Governmental Proceedings
On June 28, 2011, the Company received a subpoena from the U.S. Attorney’s Office for the Western District of Texas under the Health Insurance Portability & Accountability Act of 1996 (HIPAA) requesting the production of documents related to Vari-Lase products, and in particular the use of the Vari-Lase Short Kit for the treatment of perforator veins. Subsequently, the Company learned that the U.S. Attorney’s Office has commenced a criminal investigation of the same matter. The Vari-Lase Short Kit has been sold under a 510(k) clearance for the treatment of incompetence and reflux of superficial veins in the lower extremity since 2007 with total U.S. sales through June 30, 2014 of approximately $532,000 (0.1% of the Company’s total U.S. sales for such period) and has not been the subject of any reported serious adverse clinical event. On August 14, 2012, the United States District Court for the Western District of Texas unsealed a
qui tam
complaint that had been filed on November 19, 2010 by Desalle Bui, a former sales employee of the Company, which is the basis for the U.S. Attorney’s civil investigation, to which the federal government, after three extensions of time, elected to intervene. The complaint contains allegations of off-label promotion of Vari-Lase products for the treatment of perforator veins, re-use of single-use Vari-Lase products and kickbacks to physicians, resulting in alleged damages to the government of approximately $20 million. An amended complaint limited to allegations of off-label promotion of the Vari-Lase Short Kit resulting in an unspecified amount of damages and penalties was filed by the U.S. Attorney’s Office in December 2012. On January 22, 2014, the Company agreed with the U.S. Attorney’s Office to settle the civil lawsuit. The terms of the settlement are that the Company will make a payment of $520,000, the Company will make no admission of fault or liability, and the U.S. Attorney’s Office will dismiss the civil lawsuit with prejudice and release all civil claims brought against the Company in the civil lawsuit. The formal settlement agreement has been completed but has not yet been signed by the government, and therefore the $520,000 settlement payment is included in accrued expenses as of June 30, 2014 and December 31, 2013. Settlement of the civil lawsuit has no effect upon the criminal investigation, which is continuing.
From time to time, the Company is involved in additional legal proceedings arising in the normal course of business. As of the date of this report, the Company is not a party to any legal proceeding not described in this section in which an adverse outcome would reasonably be expected to have a material adverse effect on the Company’s results of operations or financial condition.
VASCULAR SOLUTIONS, INC.
Notes to Unaudited Consolidated Financial Statements - Continued
King Agreements
On January 9, 2007, the Company entered into a License Agreement and a Device Supply Agreement with King. Under the License Agreement, the Company licensed the exclusive rights to the Company’s products Thrombi-Pad, Thrombi-Gel and Thrombi-Paste to King in exchange for a one-time license fee. Under the Device Supply Agreement, the Company agreed to manufacture the licensed products for sale to King in exchange for an initial payment. The unamortized license fee was $508,000 and $610,000 at June 30, 2014 and December 31, 2013, respectively. Amortization of the deferred revenue will be $51,000 per quarter for the remainder of the 10-year license period. The amortization of license fee was $102,000 and $103,000 for the six months ended June 30, 2014 and 2013, respectively.

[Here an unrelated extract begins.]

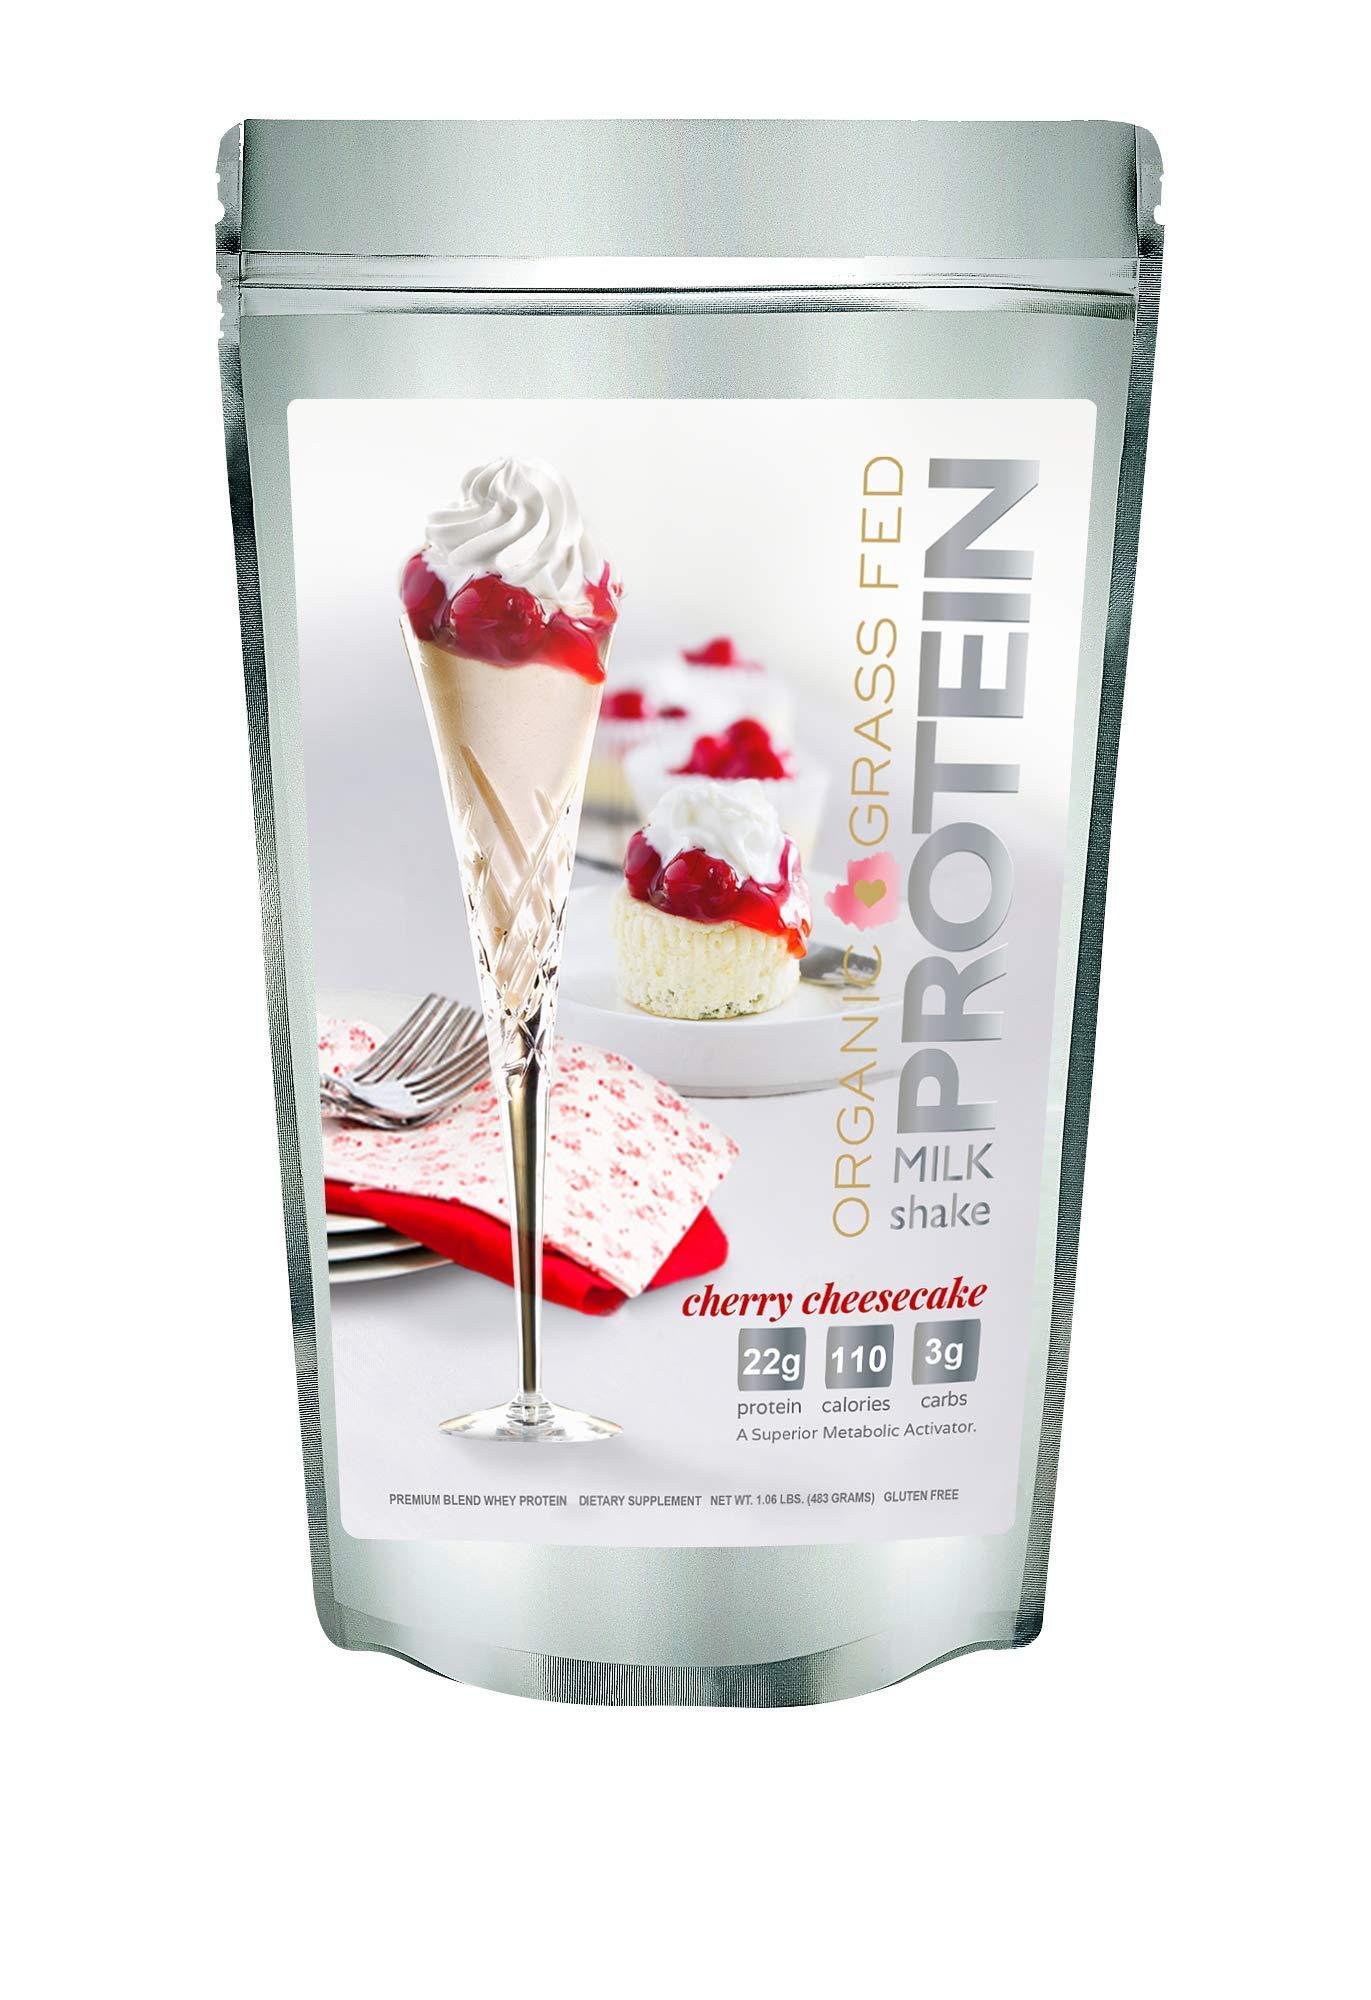 Protein Milkshake Whey Master Parent (15 Servings, Cherry Cheesecake) by Protein Milkshake

The Company is subject to income tax in numerous jurisdictions and at various rates and the use of estimates is required in determining the provision for income taxes. For the six month periods ended June 30, 2014 and 2013, the Company recorded a provision for taxes of $3,400,000 and $2,398,000 on earnings before tax of $9,403,000 and $7,331,000 resulting in an effective income tax rate of 36% and 33%, respectively. The difference between the effective tax rate of 36% for the six months ended June 30, 2014 and the U.S. federal statutory income tax rate of 34% was due mainly to the impact of state taxes. The difference between the effective tax rate of 33% for the six months ended June 30, 2013 and the U.S. federal statutory income tax rate of 34% was due mainly to the impact of recognizing $300,000 of research and development credits in the first quarter of 2013
that had been deferred from 2012 pending Congressional action which was completed in January 2013 and the recognition of $53,000 of refundable Ireland research and development credits in the second quarter of 2013.
The Company regularly assesses the likelihood that the deferred tax assets will be recovered from future taxable earnings. The Company considers projected future taxable earnings and ongoing tax planning strategies, then records a valuation allowance to reduce the carrying value of the net deferred taxes to an amount that is more likely than not to be realized.
The Company applies ASC 740,
Income Taxes
, which clarifies the accounting for uncertainty in tax positions recognized in the financial statements. These provisions create a single model to address uncertainty in tax positions and clarify the accounting for income taxes by prescribing the minimum recognition threshold a tax position is required to meet before being recognized in the financial statements. ASC 740 also provides guidance on derecognition, measurement, classification, interest and penalties, accounting in interim periods, disclosure and transition. The Company has recorded an unrecognized tax benefit of $1,268,000 as of both June 30, 2014 and December 31, 2013. The impact of tax related interest and penalties is recorded as a component of income tax expense. As of June 30, 2014, the Company has recorded $-0- for the payment of tax related interest and there were no tax penalties or interest recognized in the statements of operations.
The Company is subject to income tax examinations in the U.S. Federal jurisdiction, as well as in the Republic of Ireland and various state jurisdictions. At June 30, 2014, tax years 2010 through 2013 remain open to examination.
VASCULAR SOLUTIONS, INC.
Notes to Unaudited Consolidated Financial Statements - Continued
(11)
|
Business Combinations and Asset Acquisitions
|
Northeast Scientific
On September 17, 2013, the Company entered into an eight-year reprocessing services agreement with Northeast Scientific, Inc. (NES), a FDA-registered reprocessor of medical devices, whereby the Company paid NES a non-refundable amount of $500,000 for the exclusive right to offer NES’ reprocessing services in the United States for a commercial medical device. NES is pursuing FDA approval for its reprocessing services for the device. If FDA approval is obtained, the Company is required to pay NES a non-refundable amount of $400,000. The agreement has an annual minimum unit termination clause, allowing NES to terminate the agreement if the Company does not meet certain annual minimums following FDA approval.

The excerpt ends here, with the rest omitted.